Norway Memorial Library announces a book discussion series called “Decades to Discover: Novels Set in the 1950s-1990s”. The series features four books set in the 1950s-1990s. Is what the characters experience exclusive to the times or are their experiences timeless?
All discussions are on the fourth Thursday of the month, 3:00-4:00 pm. Participants may attend in-person (masks required) or via Zoom. Please visit the library’s website (https://norwaymemoriallibrary.org) for each month’s zoom link to attend remotely.
March 31: Revolutionary Road by Richard Yates
In the hopeful 1950s, Frank and April Wheeler appear to be a model American couple: bright, beautiful, talented, with two young children and a starter home in the suburbs. Perhaps they married too young and started a family too early. Maybe Frank’s job is dull. And April never saw herself as a housewife. Yet they have always lived on the assumption that greatness is only just around the corner. But now that certainty is now about to crumble.
April 28: Arcadia by Lauren Groff
In the fields and forests of western New York State in the 1960s and 1970s, several dozen idealists set out to live off the land, founding what becomes a famous commune centered on the grounds of a decaying mansion called Arcadia House. Arcadia follows this lyrical, rollicking, tragic, and exquisite utopian dream from its hopeful start through its heyday and beyond.
May 26: The Lowering Days by Gregory Brown
Growing up in a riverside region of 1980s Maine, three brothers from the Penobscot Nation find their childhood innocence shattered by a nearby paper mill fire that divides their community.
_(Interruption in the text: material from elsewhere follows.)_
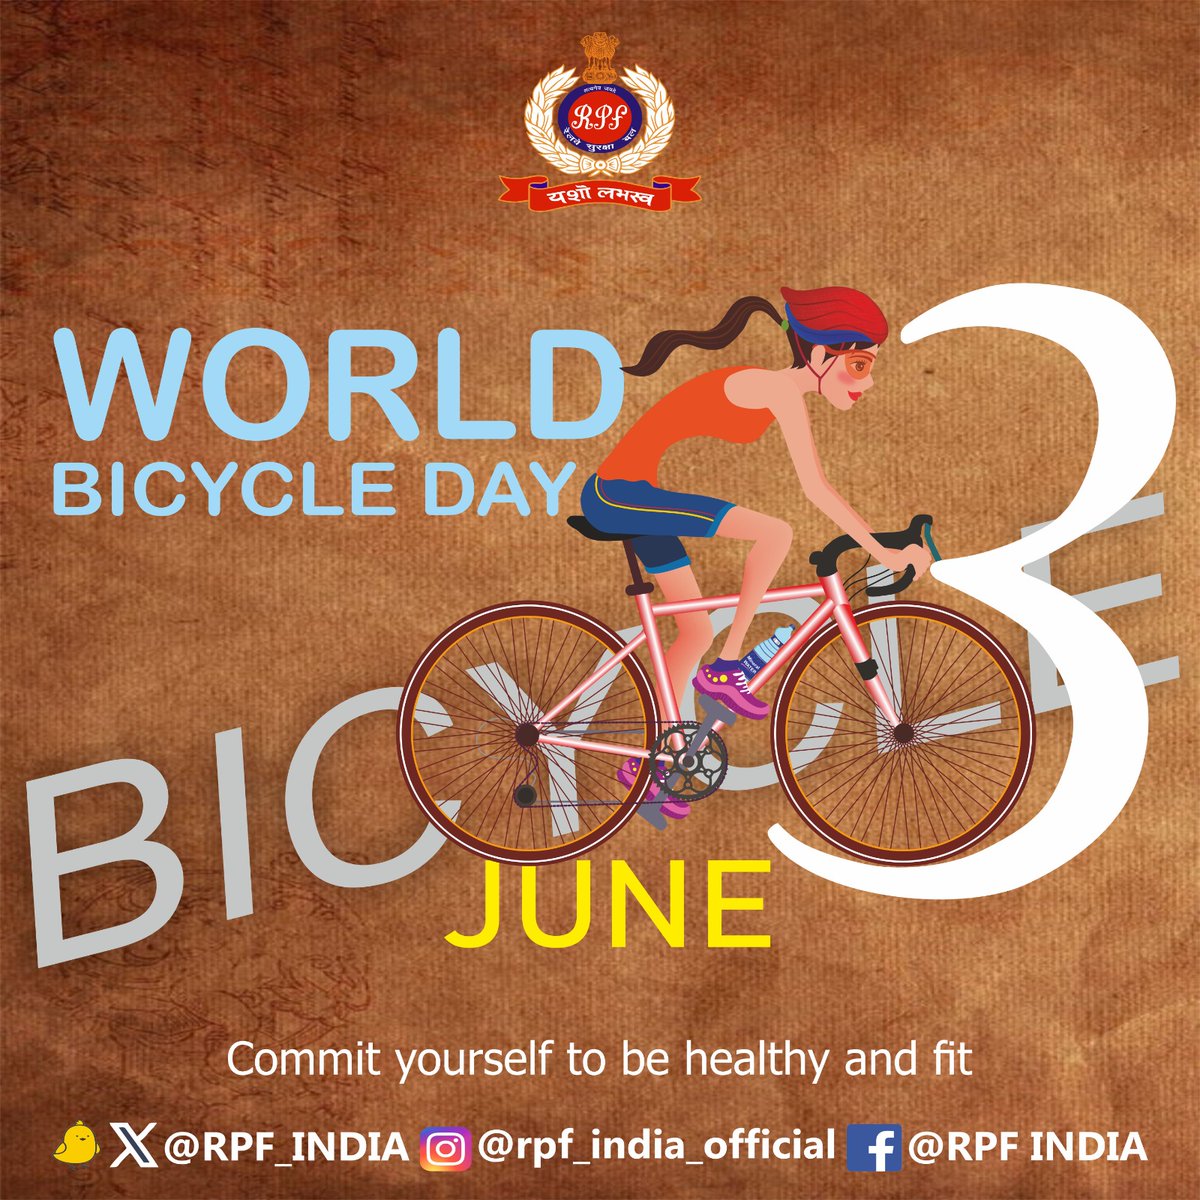 #Cycling is GOOD for your wallet, BETTER for your health, and EXCELLENT for our planet. Let’s pedal towards a greener & healthier future! #WorldBicycleDay #CycleForHealth #GreenTravel @RailMinIndia
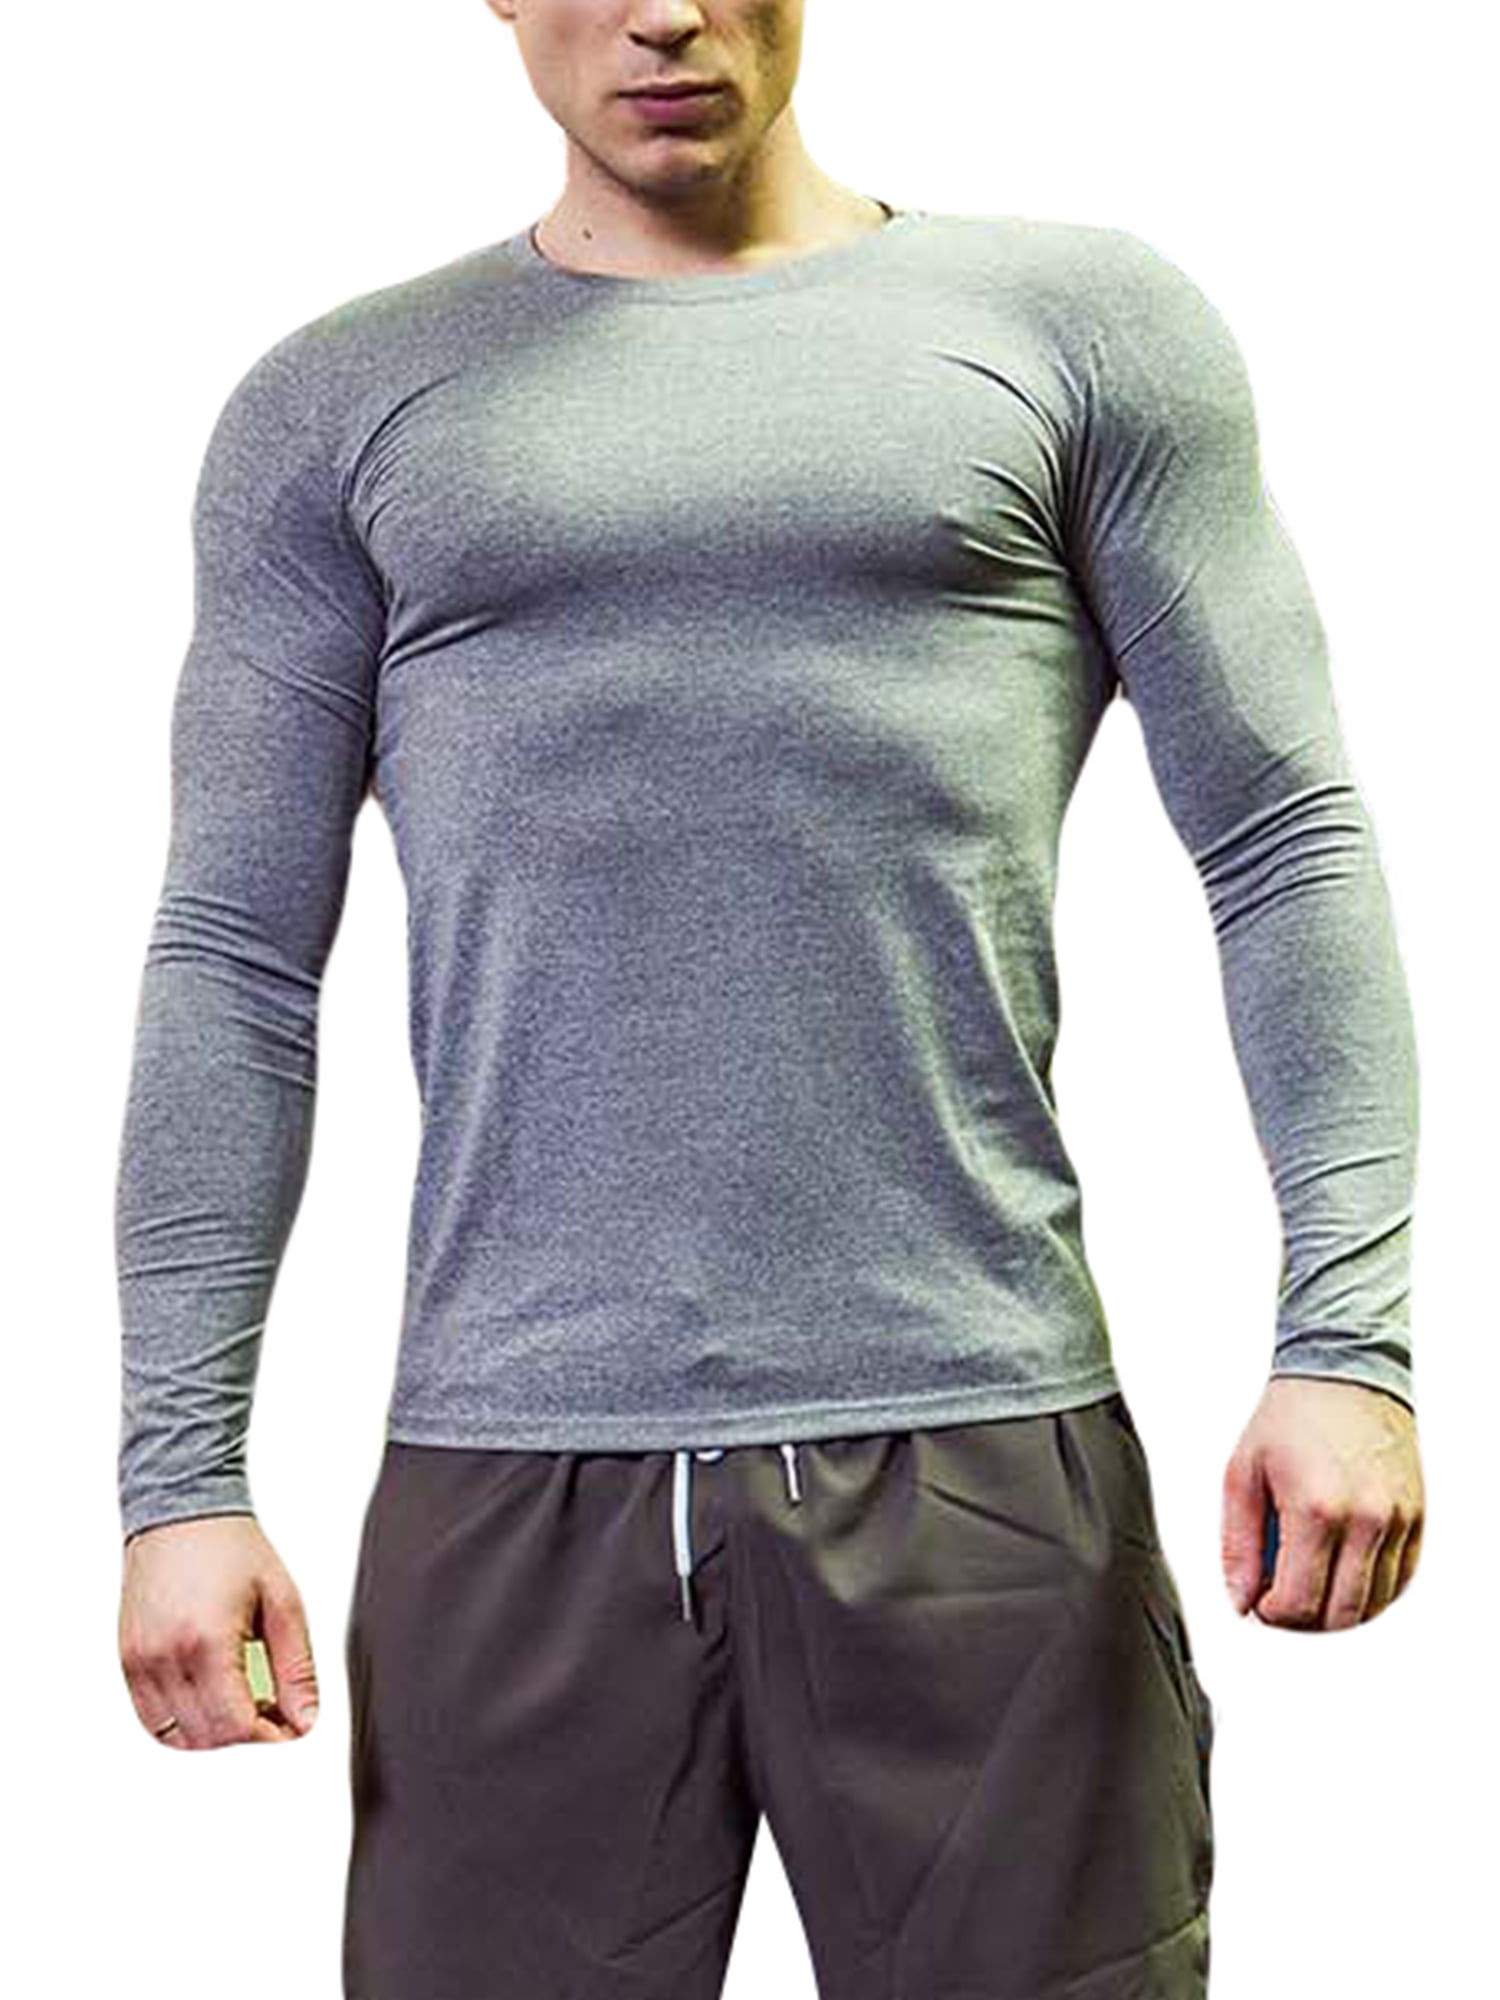 Details about   Mens Quick Dry Sports Fitness Underwear Long Sleeve Top Tight T-Shirts US FAST

June 23: You Are One of Them by Elliott Holt
Sarah Zuckerman and Jennifer Jones are best friends in an upscale part of Washington, D.C., in the politically charged 1980s. With Cold War rhetoric reaching a fever pitch in 1982, the ten-year-old girls write letters to Soviet premier Yuri Andropov asking for peace. But only Jenny’s letter receives a response, and Sarah is left behind when her friend accepts the Kremlin’s invitation to visit the USSR and becomes an international media sensation. The girls’ icy relationship still hasn’t thawed when Jenny and her parents die tragically in a plane crash in 1985. Ten years later, Sarah is about to graduate from college when she receives a mysterious letter from Moscow suggesting that Jenny’s death might have been a hoax. She sets off to the former Soviet Union in search of the truth, but the more she delves into her personal Cold War history, the harder it is to separate facts from propaganda.
If you would like to request copies of the books you may do so through the library’s Minerva online catalog at www.norway.lib.me.us, or by stopping by the library’s information desk. Please e-mail norlib@norway.lib.me.us or call 743-5309 ext. 1 with questions.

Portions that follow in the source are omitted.